Regardless of whether the fund manager is a fiduciary employee or an independent investment advisor, that fund manager should appropriately look to the preneed seller for input about investment objectives. For the larger trust, the fiduciary and fund manager should adopt a written investment policy that, among other factors, considers the trust’s mix of guaranteed and non-guaranteed contracts. If the fund manager is an independent investment advisor, the relationship should be documented with an agreement that discloses all forms of compensation. Consistent with the SEC efforts to reform mutual funds, the disclosure should address any 12b-1 fees. The agreement with the fiduciary should also disclose all relationships the investment advisor has with the preneed seller.
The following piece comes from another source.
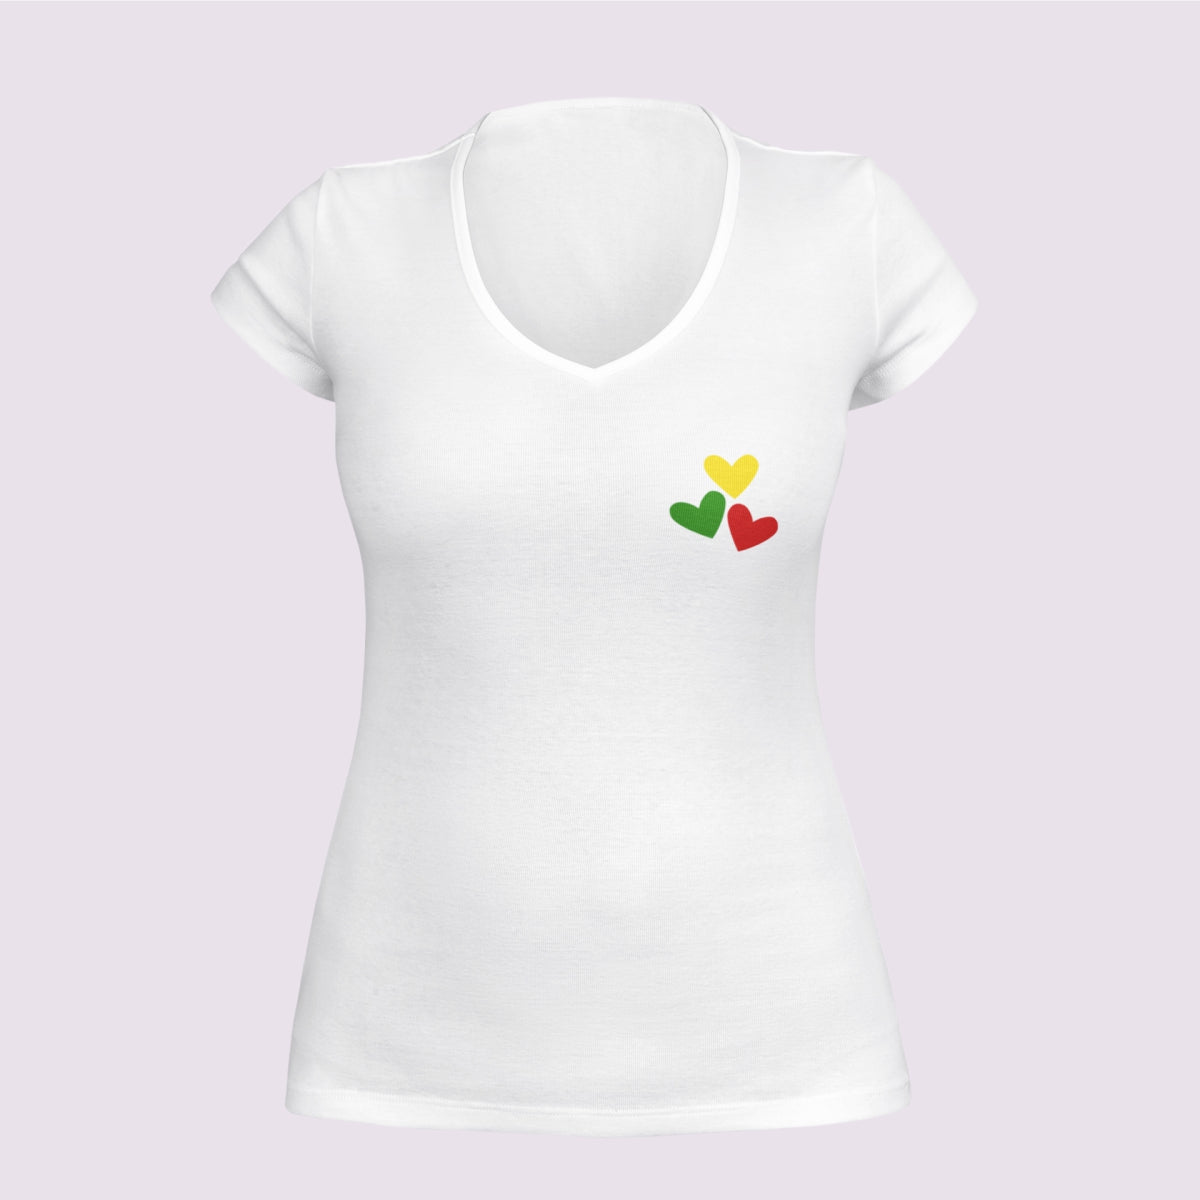 Balti moteriški marškinėliai su V kaklu "Trys lietuviškos širdelės" PASKUTINIAI VIENETAI (Imperial V)

To the extent the preneed contract is guaranteed, the regulator needs to recognize the seller’s economic interest in the trust’s performance. But, fiduciaries and sellers need to consider the growing number of non-guaranteed contracts and the possibility that the guaranteed contract may be serviced by a different funeral home. While the seller may have the prevailing economic interest, not all of the trust may be considered his for investment purposes.

 

Regulating out of context: Missouri and investment advisors

Over the next year, Missouri will examine the various flaws of SB1. One of those flaws concerns the independent investment advisor and the ‘fix’ meant to preclude conflicts of interest.

Preneed trusts have a poor track record in terms of investment performance. Trustees often fail to appreciate the key factors that impact investment strategies for preneed. Those factors can vary substantially from trust to trust, making the fund manager’s job more difficult.
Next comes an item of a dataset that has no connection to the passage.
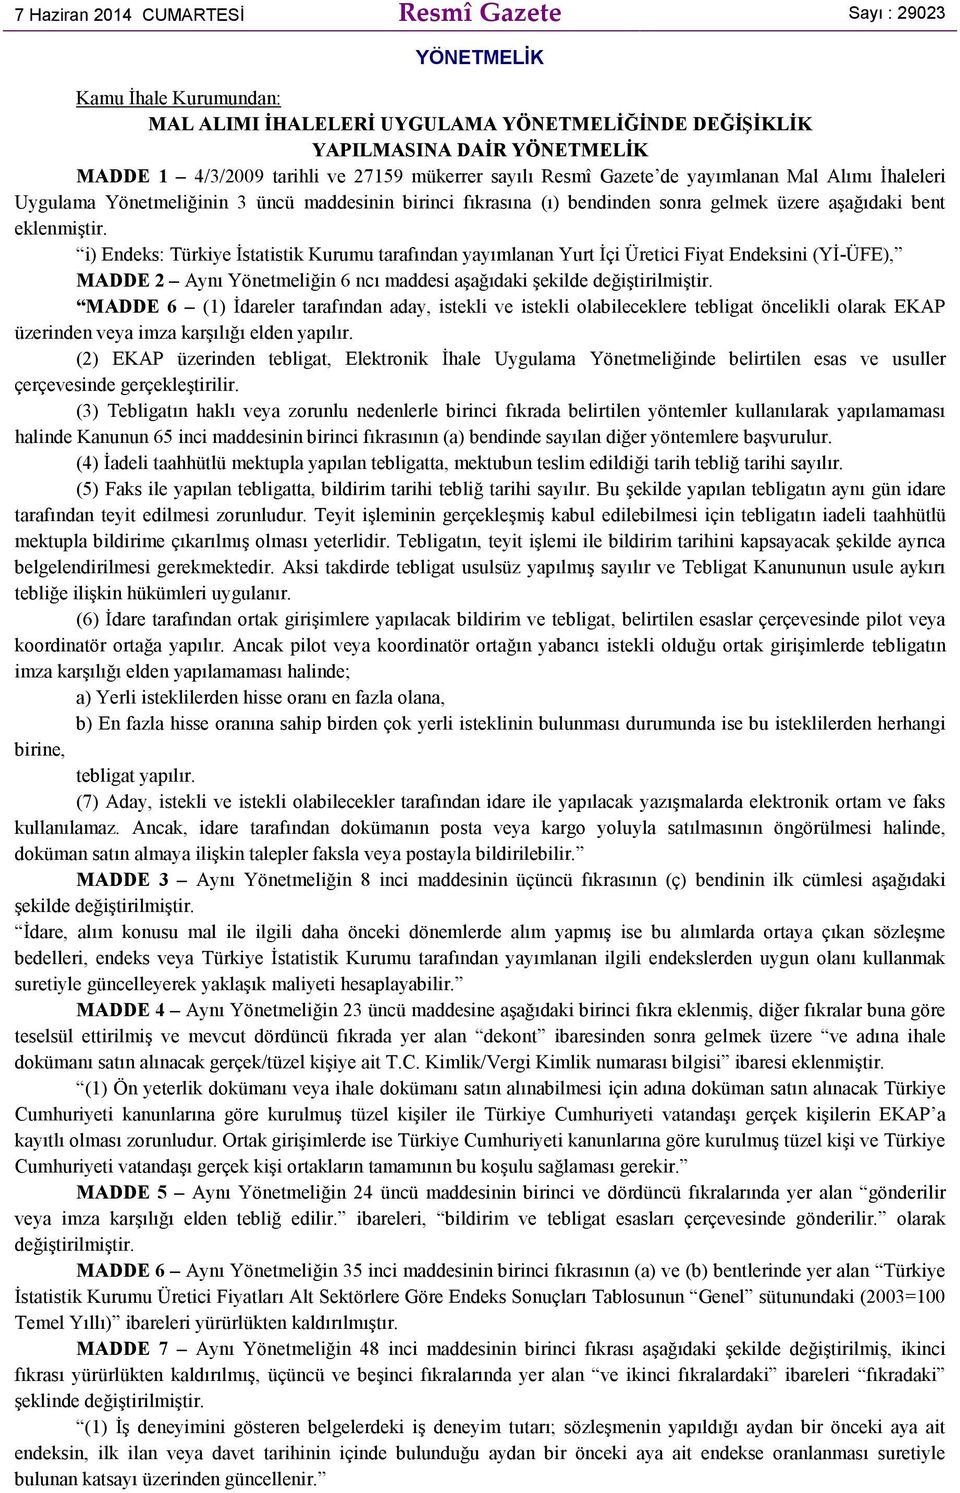 i) Endeks: Türkiye Đstatistik Kurumu tarafından yayımlanan Yurt Đçi Üretici Fiyat Endeksini (YĐ-ÜFE), MADDE 2 Aynı Yönetmeliğin 6 ncı maddesi aşağıdaki şekilde değiştirilmiştir.

Consequently, it is not uncommon to see large trusts delegate investment authority to an independent fund manager. Missouri’s old preneed law took the practice an ill-advised step too far by relieving the trustee of liability for the advisor’s decisions. NPS exploited that provision by appointing investment advisors who handed the keys to the vault to Lincoln Memorial. Believing themselves to be exculpated from investment liabilities, the NPS fiduciaries became bystanders to the largest preneed fraud in history.

Section 436.445 of SB1 appropriately requires the fiduciary to remain responsible for the investment advisor’s actions. However, the statute goes too far in attempting to preclude any relationship between the advisor and the seller. The provision was lifted from Missouri’s Uniform Trust Code without adequate consideration of the relationships of the seller, fiduciary and fund manager.

In contrast to SB1, the Uniform Trust Code does not prohibit relations between the trustor/seller and the investment advisor (or any service provider to the trust). Missouri’s preneed industry would be better served if such relations were allowed if fully disclosed and subjected to a higher level of scrutiny.